ところが、反対に、彼らの中にある“強さ”や“愛”を認めてあげるような言葉をかけたときだけは、笑顔が戻ってきたのです。


今回の東北地方太平洋沖地震もそうなのですが、阪神大震災のときも、「渦中にあっても、冷静かつ規律正しく行動できる」、「暴動や略奪が起こらない」など、日本人の国民性は外国のプレスなどで賞賛されました。


そして、たとえば、そういうことを被災者のみなさんに話して聞かせてあげると、うれしそうな表情をしていただけるわけです。


同じように、みずからが被災者でありながら、行方不明の家族を探しにもいけず、公務についておられる消防、警察、役場の人々、医療関連の人々なども数多くいらっしゃいます。その、心の強さとあふれる使命感には、頭が下がるばかりです。


そうした、当時、私がお役に立てたことのすべては、被災した人々や、命がけで救出活動にあたっている人々に対し、私が感じた「その人たちの、強さやすばらしさ」を言葉として表現し、伝えることだけだったのです。


人を癒すには、たとえば、心理分析などをするような方法もあります。
しかし、大災害のような出来事が心にもたらすものは、幼児期のトラウマを癒すような方法では片付けられない領域の問題なのです。


それは、たとえば、『おしん』のように、ものすごくつらい人生を送ってきた女性が、ようやくやさしい彼にめぐりあい、明日はいよいよ結婚式という日、最後の打ち合わせのために彼と待ち合わせをしていて、少し遅刻してきた彼が、あなたのもとに走ってこようとした途端、目の前で交通事故に遭って、亡くなってしまったときのようなことかもしれません。


こんなとき、「なんで、彼は死んじゃったの?」という質問には、心理学ではなかなか答えきれないのです。


医学的には、たとえば、「出血多量です」と死因を答えるのかもしれません。
でも、彼女が聞きたいことは、「ようやく幸せになれると思った前日に、なんで、こんな出来事が起こるのか?!」、「私は幸せになってはいけないの?」ということであるわけです。


この哲学的な疑問に答えてあげること‥‥、それも、それが、彼女が納得できる答えでないと、彼女を勇気づけ、励ますことはできないわけです。


ひょっとして、彼女は、「私は神様に見捨てられているのか?」と考えてしまうかもしれません。神様と彼女の関係性というのは、あまり心理学的なこととはいえないのですが、そんな質問があったら、カウンセラーとしてはなんとか答えなければなりません。


そして、私も「だいぶ変わったカウンセラー」と言われているのですが、こうした領域は、カウンセラーそれぞれの個性が大きく関わってくるところでもあります。


今回の東北地方太平洋沖地震から3日後、東北地方に住む、私の10年ほど前のクライアントさんから、泣きながら電話がかかってきました。
なにぶん、私は20数年、携帯電話の番号を変えていないので、思い出してかけてくれたら、つながったのです。


彼女は言いました。
「みんな、流されちゃった。なにもなくなった。

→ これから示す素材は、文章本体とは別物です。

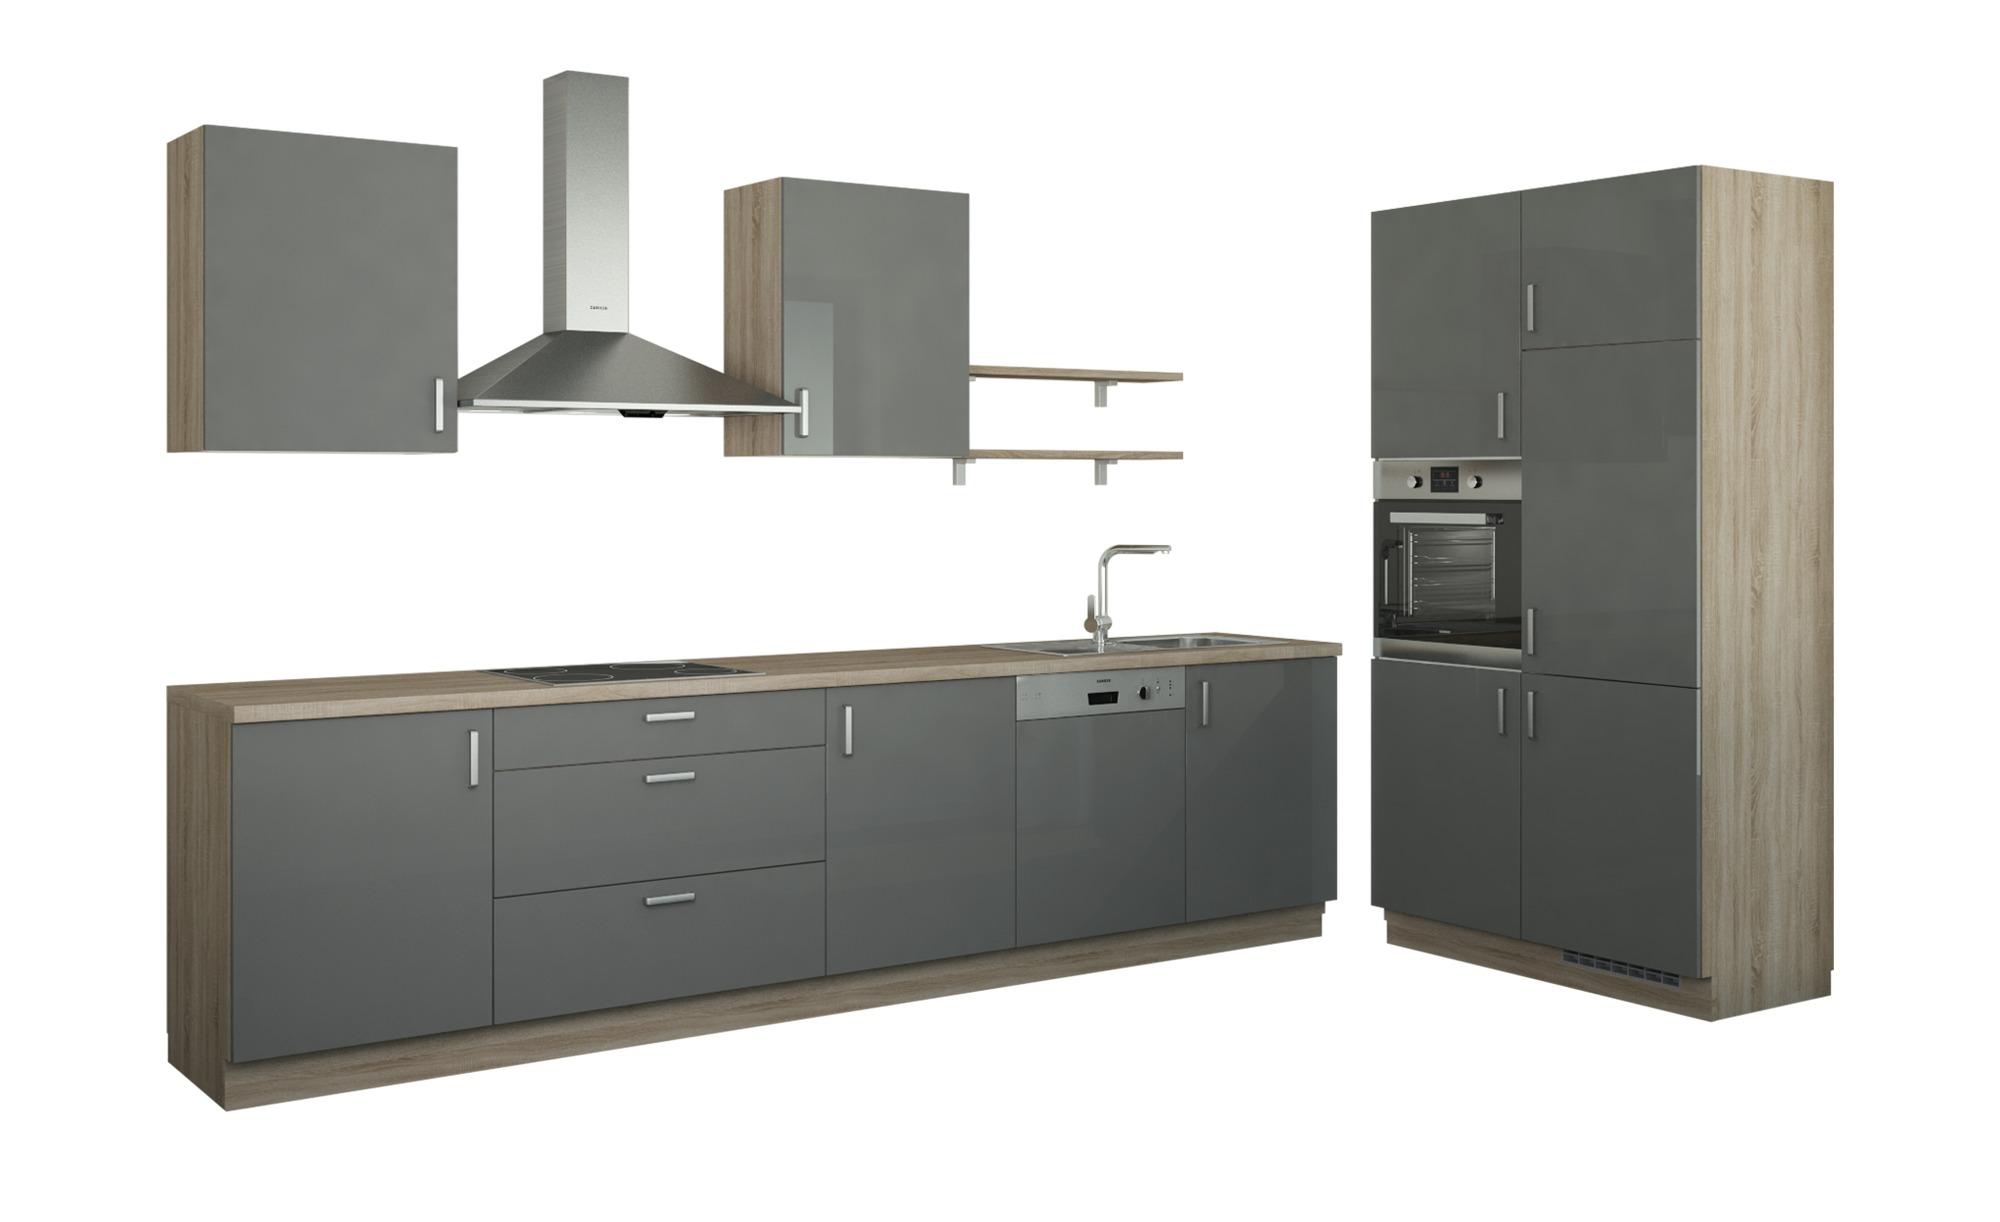 Küchenzeile ohne Elektrogeräte  Usedom Küchen > Küchenblöcke - Höffner | Küche und Esszimmer > Küchen > Küchenzeilen | Holzwerkstoff - Metall - Edelstahl | Möbel Höffner DE

どうしよう、どうしよう‥‥!」

とっさに、私の口からは、こんな言葉が出ていました。
「きみの心の奥に、しゃべりかけるから、よく聞いといてね。


 きみの魂は、この時期に東北に生まれることを決めました。
 なぜならば、こうなることを、知っていたからです。


 そして、きみは、みんなの光、みんなの笑顔になるために、
 ここにやってきたので、きみには命が与えられた。
 いまからが、きみの本番で、ここでやりにきたことをするときなんだよ」


‥‥と、まったくなんの根拠もないお話を、彼女にしたのです。
電話口で、彼女はわんわん泣きながら、言いました。


「みんなを笑顔にしてあげたい。
 きょうから私は、みんなの太陽になりたい」


そして、また、わんわん泣きました。
まったく根拠のない私の発言に、彼女は反応してくれたわけですが、私がしたのはただ一つ、彼女のことを、小さくて、弱いもののように扱わなかったことだけなのです。


これが、正しいのか、悪いのかはわかりません。でも、経験上、人はこのように扱われたときに、ものすごく強い力を発揮すると私は知っているのです。